(xv) De koning & de prins
"Each time my heart is broken
it makes me feel more adventurous,
but one of these days there'll be nothing
left with which to venture forth.
Why should I share you? Why don't you
get rid of someone else for a change?"
-Frank O'Hara
Alan zou nooit wennen aan het bomalarm. Hoezeer hij ook wilde vergeten dat er een oorlog woedde, dat er dagelijks duizenden mensen stierven terwijl hij een feestje had, het alarm bracht hem altijd terug in herinnering. Hij kreeg kippenvel over zijn hele lichaam.
Als getrainde studenten verlieten ze braaf de kamer, de ene al wat wankeler dan de andere. Alan keek haastig achterom toen hij Robin hoorde tieren.

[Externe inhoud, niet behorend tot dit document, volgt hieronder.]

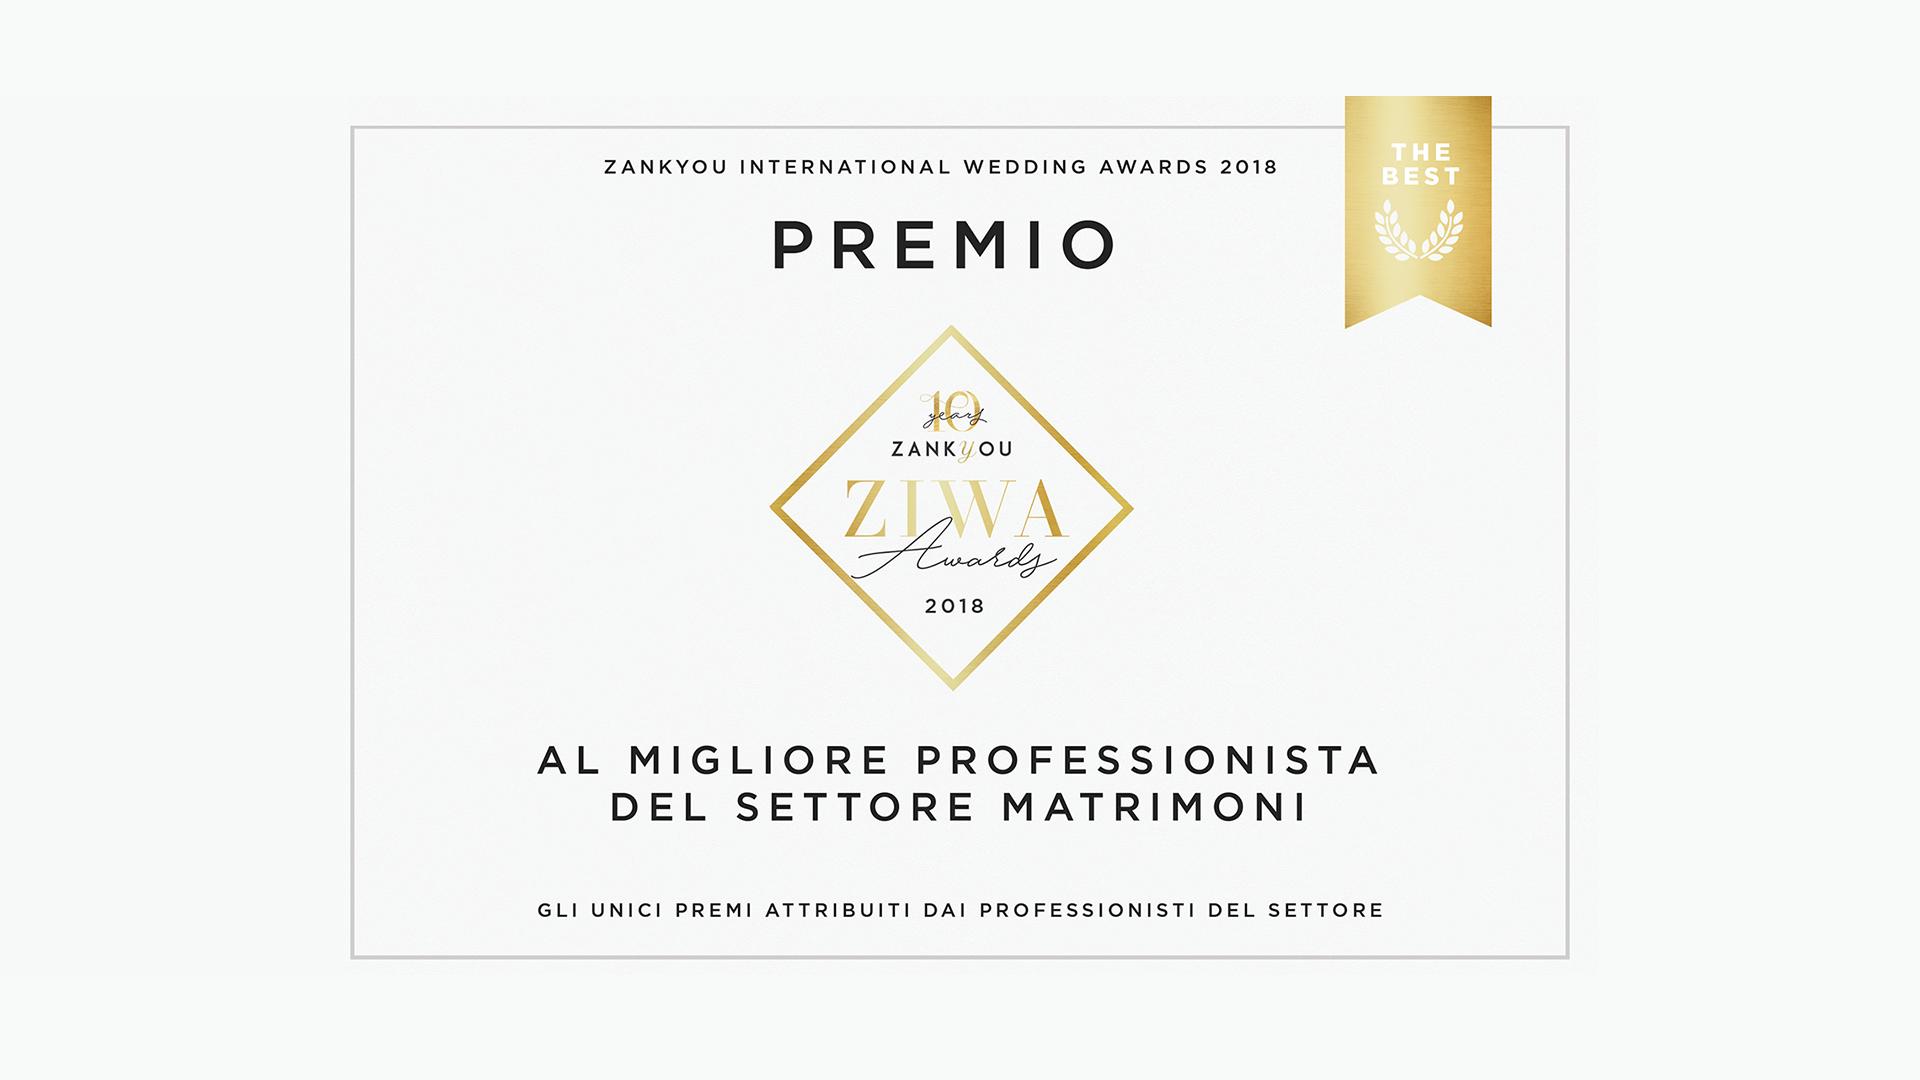 Santo Barbagallo mod diploma_ITbv
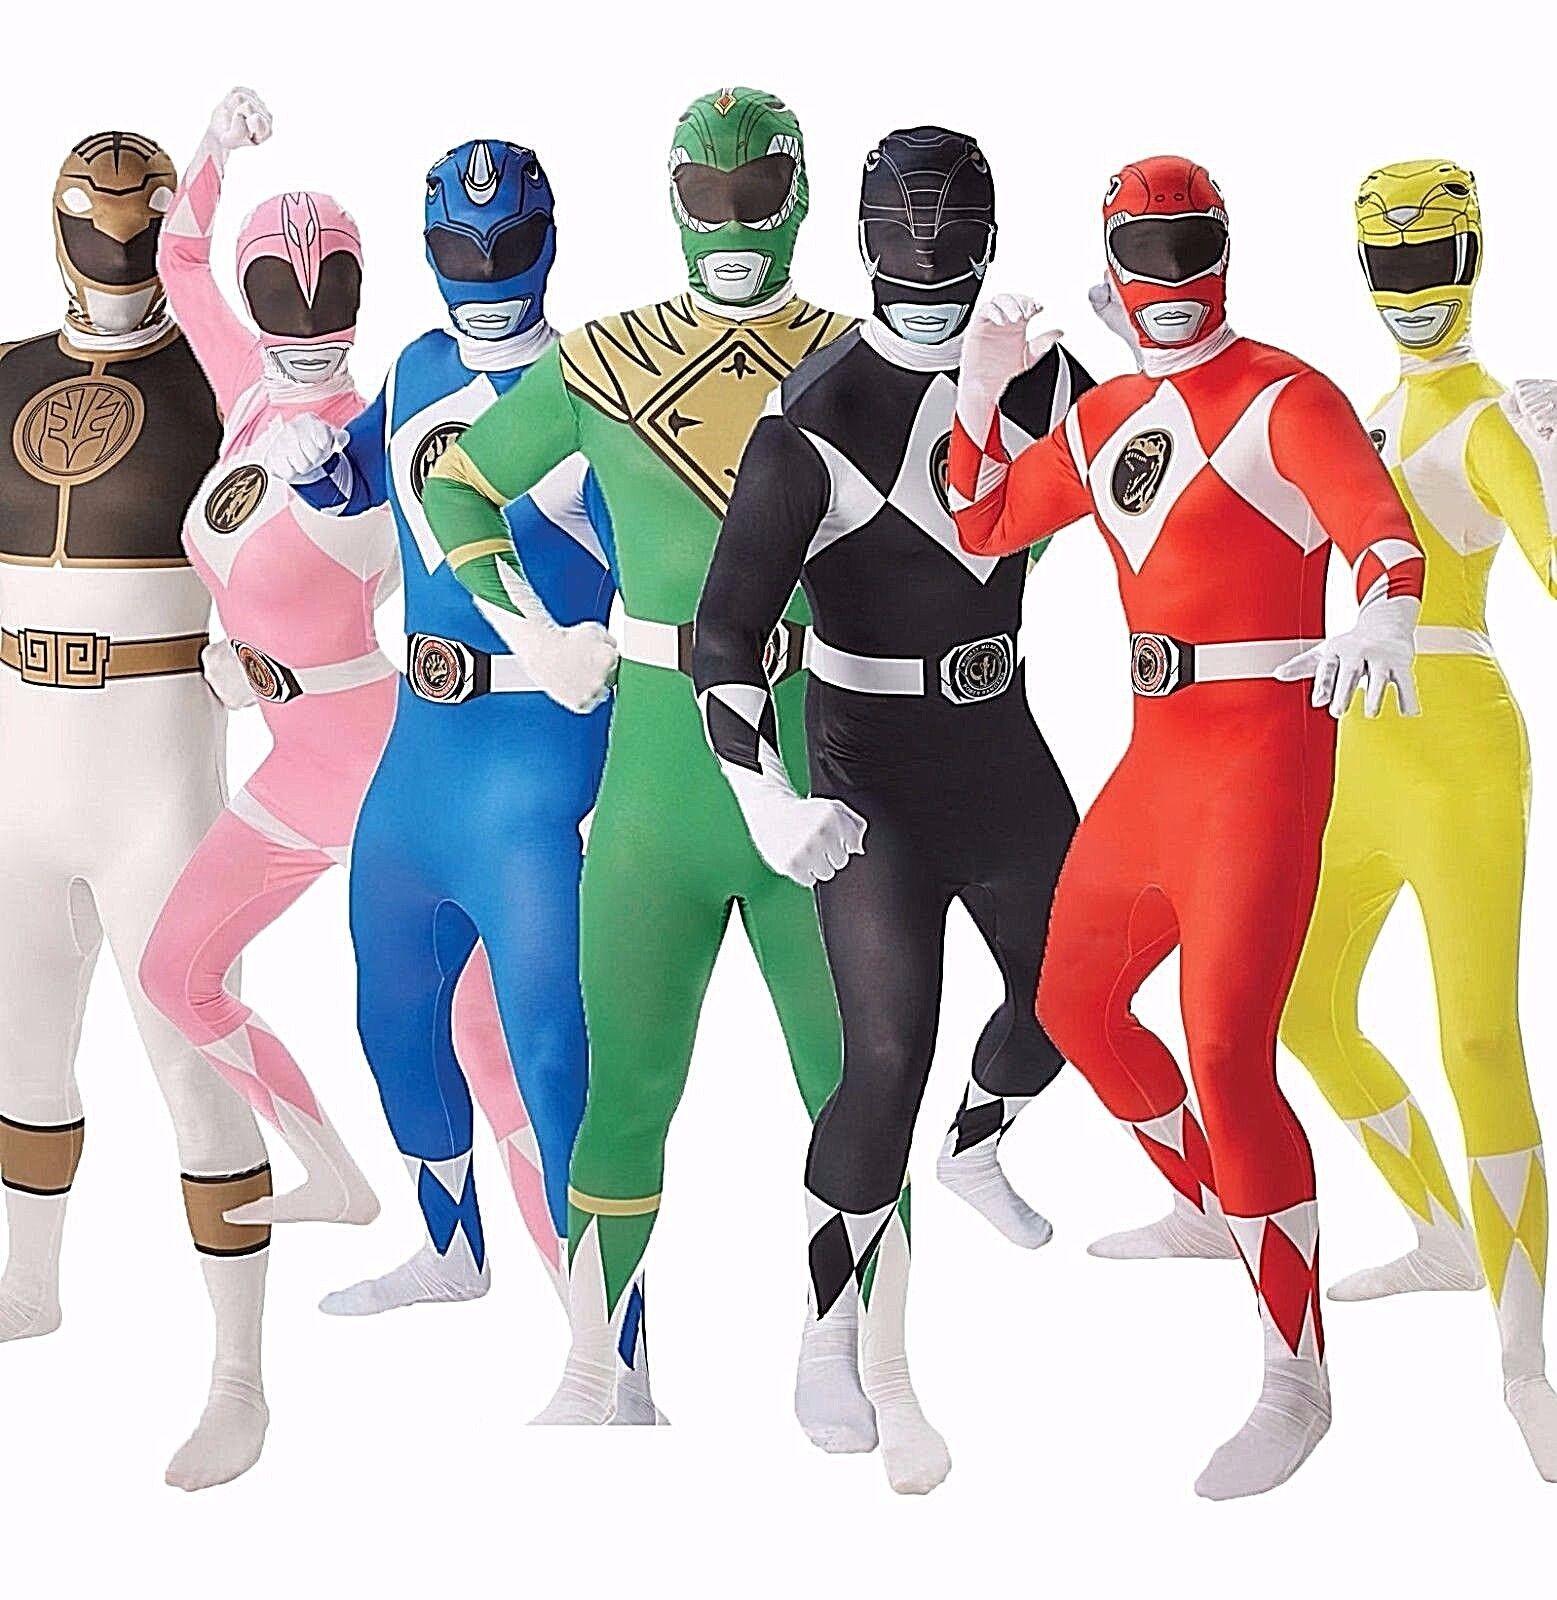 Adult Ladies PINK POWER RANGER Fancy Dress Costumes Superhero Rangers Outfit NEW

'Pigou,' hij trok aan de mouw van een dronken jongen, die de achtergelaten flesjes bier naar zich toe trok, 'wees voor één keer niet zo koppig en kom mee naar de schuilkelder.'
Pigou schudde hardnekkig zijn hoofd. 'Ik weiger toegevingen te doen aan de Luftwaffe.'
Robin rolde overdreven met zijn ogen en liet de mouw los. Hij trok Alan de deur uit. 'Moet je zelf weten dan.' Hij mompelde nog iets over dwaze biologen voor ze samen de gang doorrenden.
Ze hadden nog geen twee stappen gezet of Alan remde af. Zijn blik was afgedwaald naar het rode bloemenbed en de persoon die daar verdwaast stond te kijken.
'In Hilberts naam, het is nu niet de tijd om de bloemen te bewonderen.' Robin draaide zich naar hem om en liep achterwaarts verder.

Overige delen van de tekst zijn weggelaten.